Digital Content and Media Sciences Research Division
Digital Content and Media Sciences Research Division Professor
Introduction of research by science writer
At the root of language is sure to be a set of rules peculiar to human beings
Despite being intelligent entities, monkeys lack a language like that of human beings. If one considers why only human beings can use language, one concludes that there exist some rules peculiar to human beings in their brains. I hope to discover the rules at the root of language, which we use every day without thinking.
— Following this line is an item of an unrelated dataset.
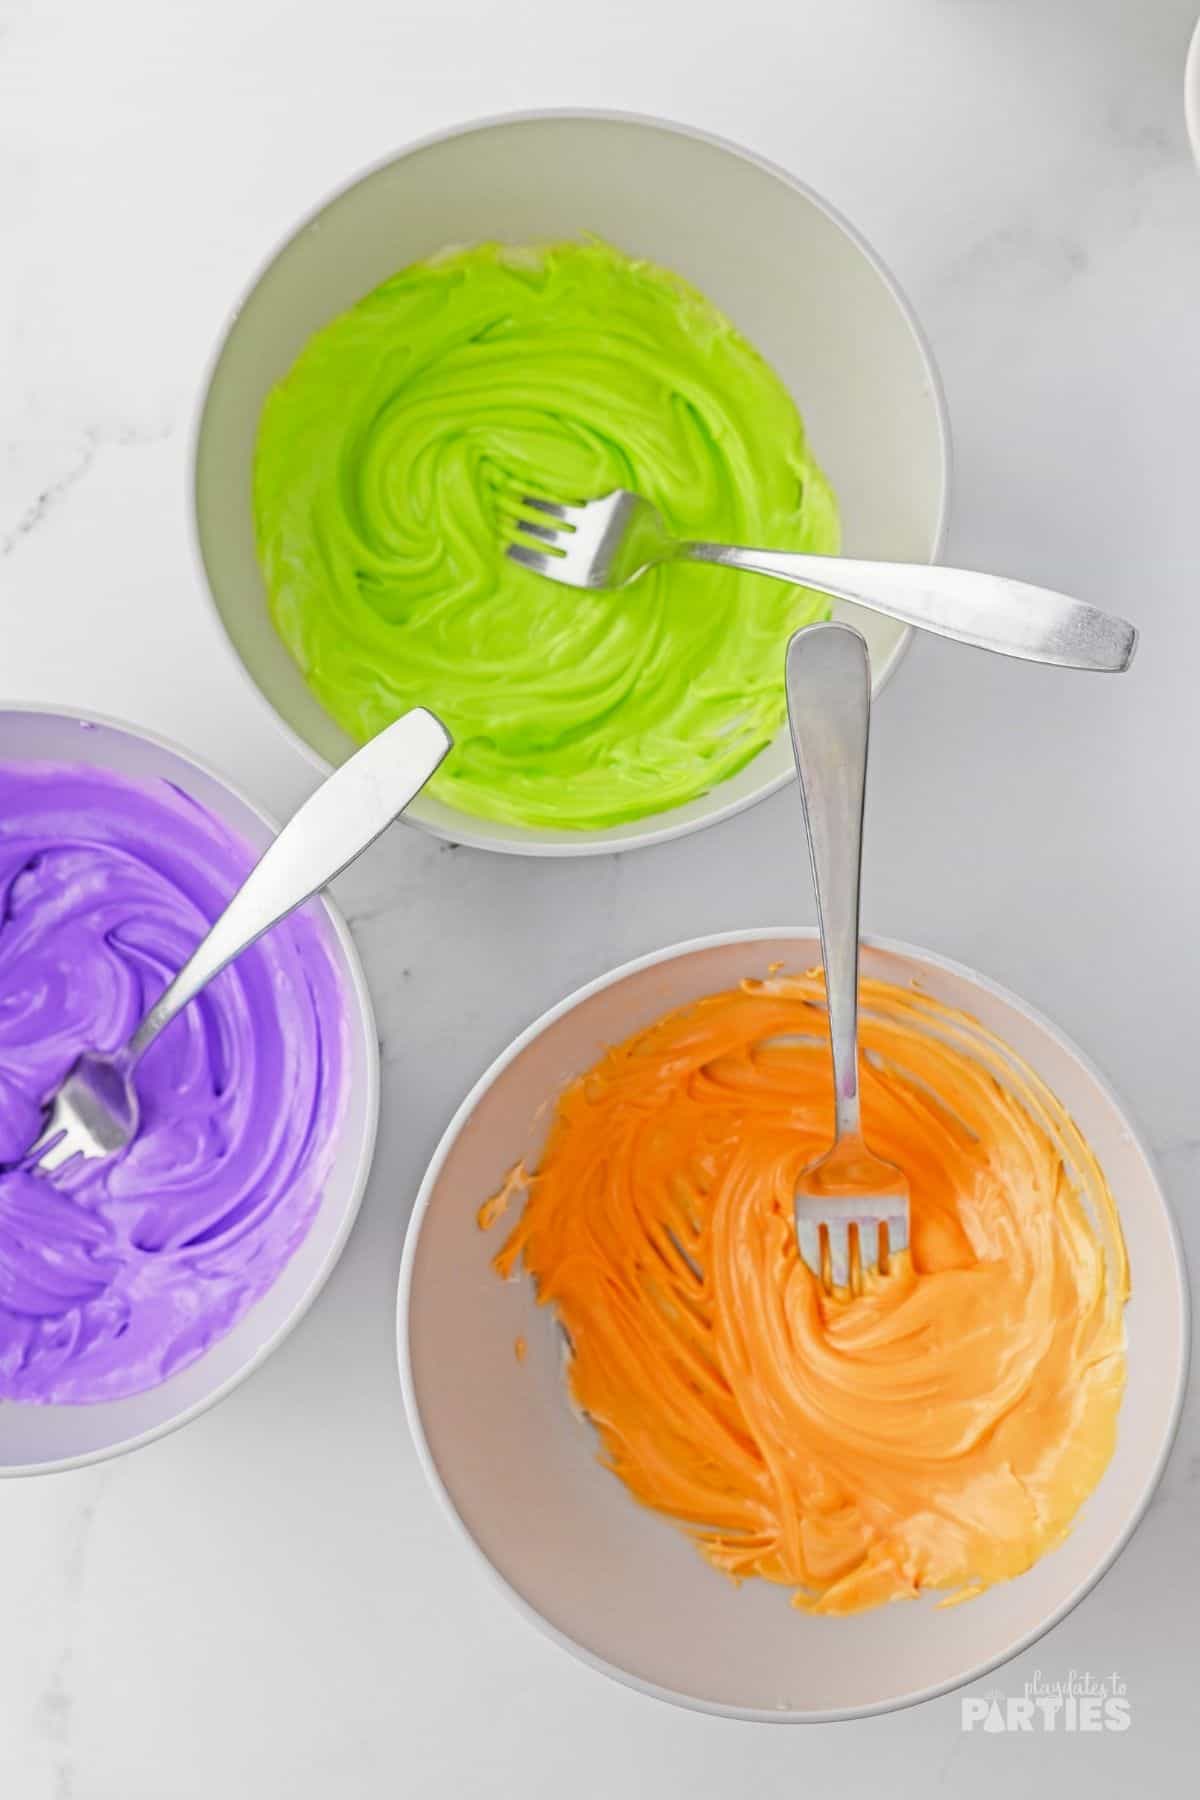 Icing colored orange, green, and purple.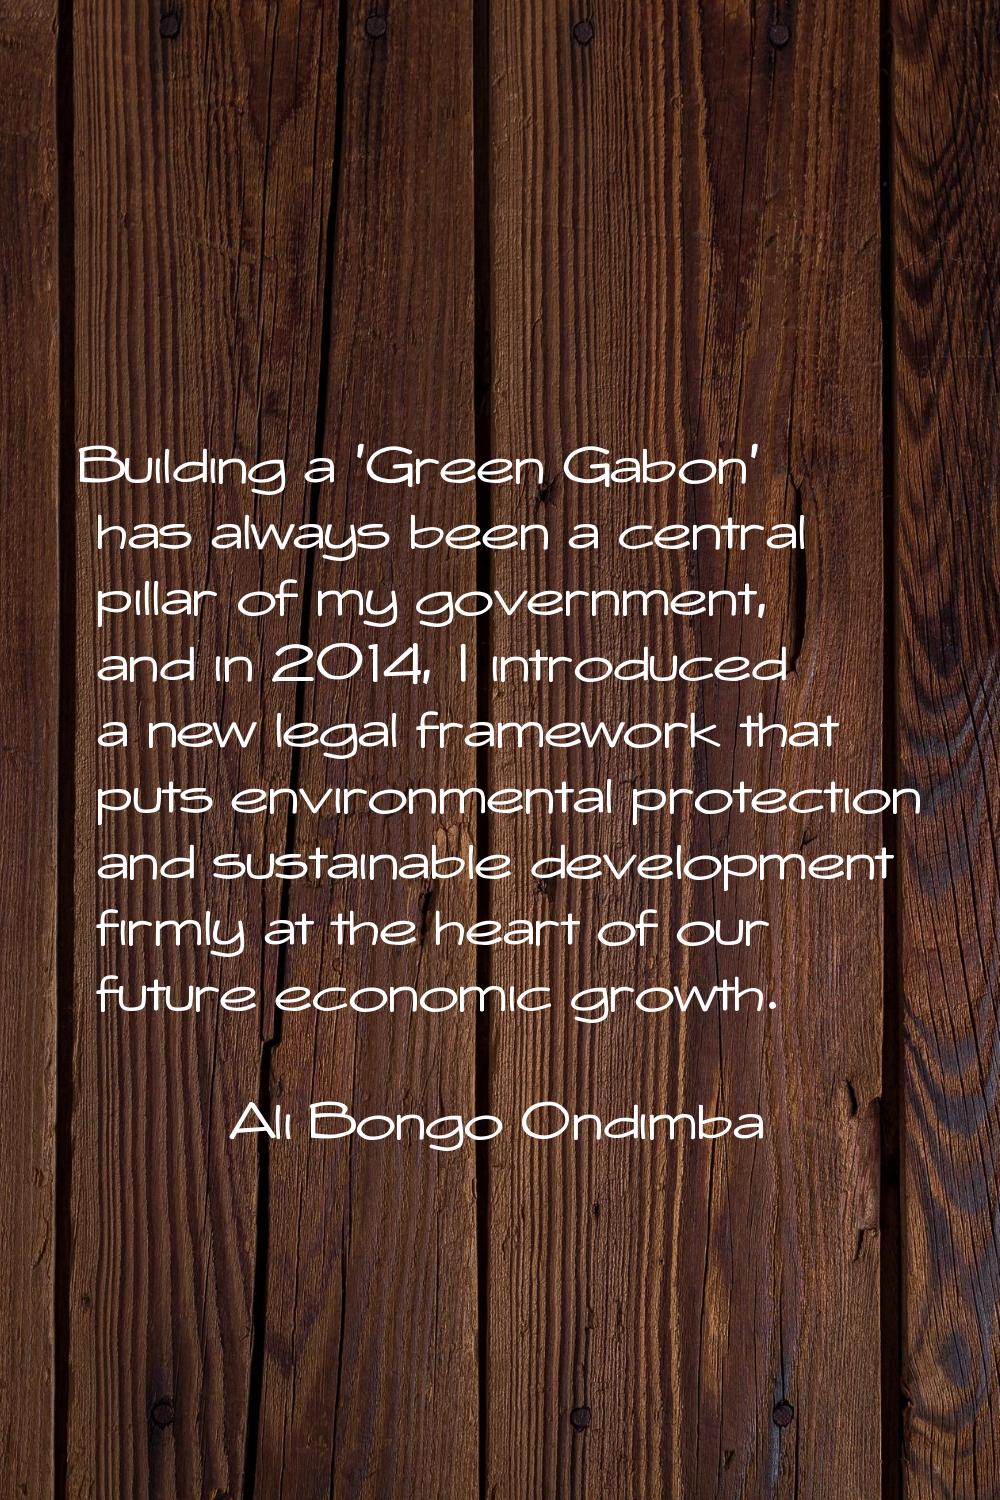 Building a 'Green Gabon' has always been a central pillar of my government, and in 2014, I introduc

Discovering of mathematical formulas when seeing an apple fall from a tree
All languages share some commonalities; for example, they have nouns, verbs, subjects, predicates, etc. This indicates that certain rules govern how overall meaning isconstructed by ordering and combining words. On this point, one can follow the theories of grammar and attempt to describe them in some type of formula. To date, however, such theories have involved numerous contradictions. Organizing these into formal rules that can be understood by computers is clearly a formidable task.
The method of deriving meaning by statistically processing massive volumes of data has recently entered widespread use in the field of natural language processing. Still, however, computers remain incapable of learning everything automatically from data. Just as with Newtonian physics, to elucidate the rules of language regulation, I believe one must observe natural language as a natural phenomenon.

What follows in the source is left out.